Haugen was invited to the US and UK parliaments for more explanation and also made a plea for more regulation. But investors seem to assume for the time being that this too will blow over and that the business of Zuckerberg and co. will not be hit amidships.

Internal memos

However, in the margins of the many documents that have ended up in the hands of the US authorities and a handful of media in recent weeks, there is also a problem that may soon be less easy to ignore. The documents clearly show that Facebook is struggling with waning interest from an important quarter: teenagers.

-45%

young people

Facebook predicts that it will see 45 percent less daily use among young people aged 18 to 29 in two years.

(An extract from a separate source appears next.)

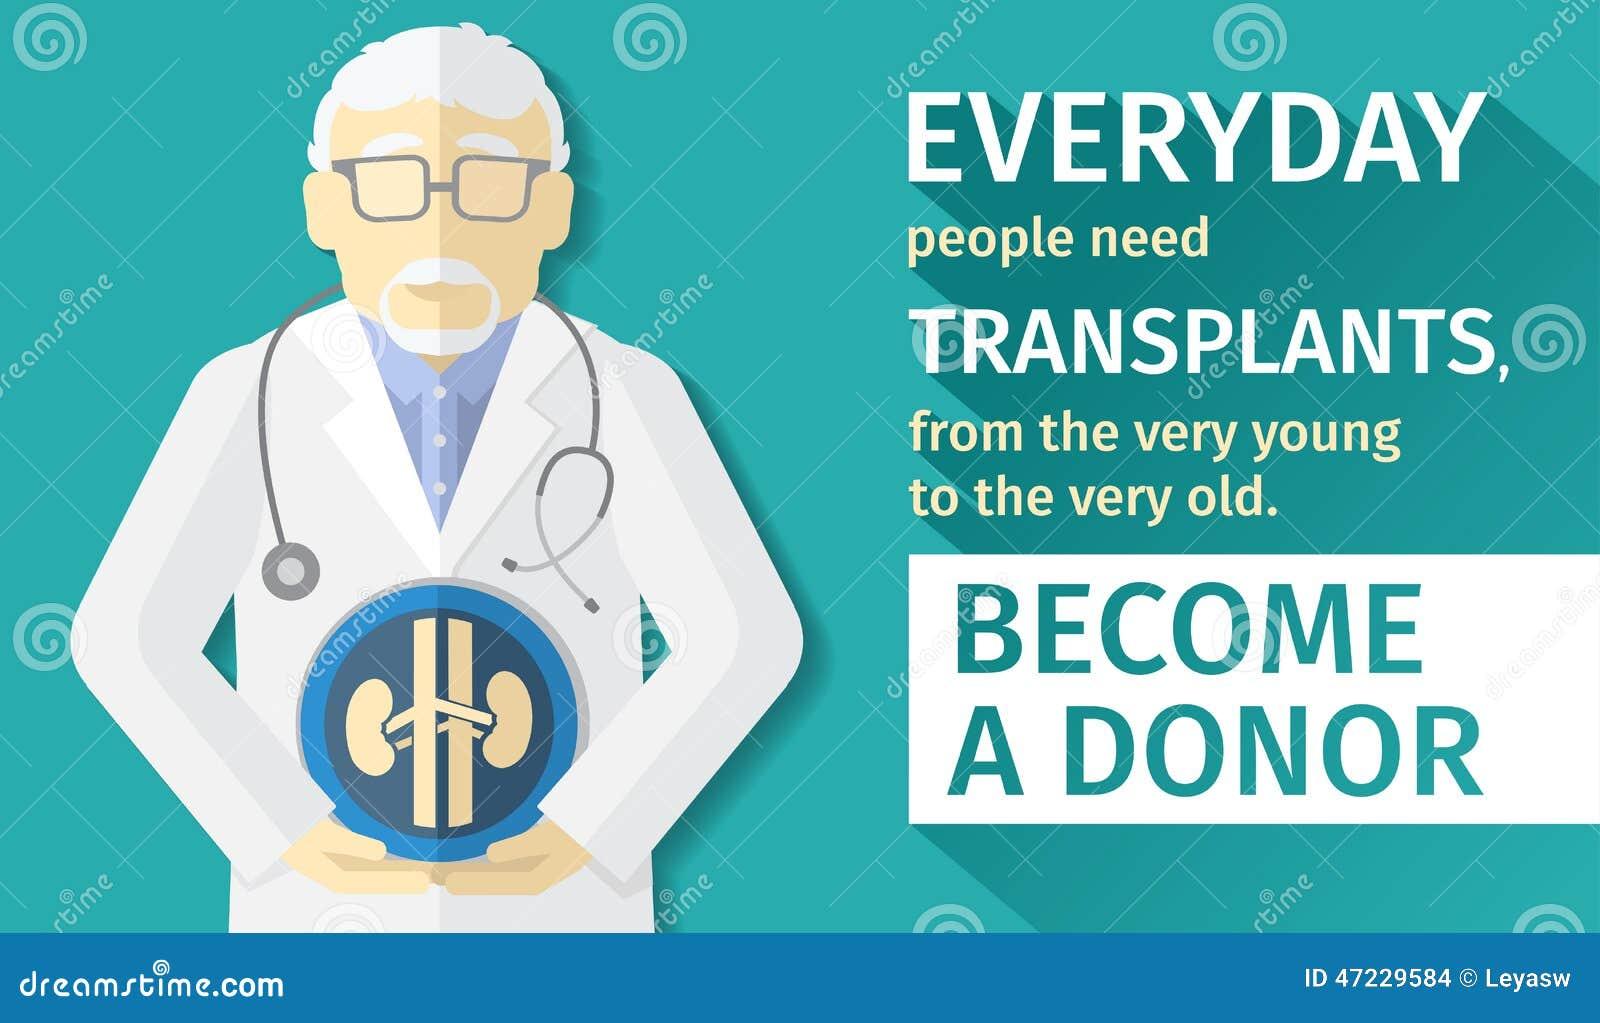 is hf s donor stock sale program a good idea

An internal memo, dated March, shows that the figures for daily use in the group of 18-29 year olds are declining on Facebook apps. Facebook itself fears a decline of 4 and 45 percent respectively in the next two years. That decline is most pronounced on the flagship app Facebook – a social medium that young users characterize as ‘old-fashioned’ and ‘dated’, according to internal research. But the ‘engagement’ on Instagram would also be waning, according to internal research.

Copy work

That’s not really surprising. With the rise of social apps such as Snapchat – today the preferred means of communication among many young people – and the extremely popular video app TikTok among young people, Facebook has formidable competitors for younger eyeballs. It is no coincidence that the company copied the ‘stories’ for its own app Instagram from Snapchat and now also has a TikTok clone with ‘reels’. But the documents clearly show that Facebook is afraid of missing out on an entire generation of users, which could create a longer-term existential crisis.



We make young users our pole star.

Mark Zuckerberg

CEO Facebook



Zuckerberg therefore picked up on the theme during the conference call about the figures. According to the founder and CEO, Facebook is reorganizing its teams to focus more on younger people. ‘We want to make young people our pole star rather than making a product for the largest possible group.’

According to the CEO, this will mean that it will see its broad group of users increase less quickly in the coming years. But that shift to the commercially important young people is more important. According to Zuckerberg, that transition will take years.

Billions for the ‘metaverse’

An important reason why Facebook is cautious about the profit projections is that the company is currently investing heavily in Reality Labs, the division specializing in augmented and virtual reality. He is working on what Facebook calls the ‘metaverse’, a virtual world filled with digital avatars, in which people can work and relax.

Facebook announced earlier this month that it will recruit 10,000 people in Europe to build that world. That will weigh $10 billion on operating profit in 2021, it sounded Monday evening. The cost will increase later on. And CEO Mark Zuckerberg immediately gave the warning that there will not immediately be income. “But we believe very strongly that this will be the successor to the mobile internet,” he said.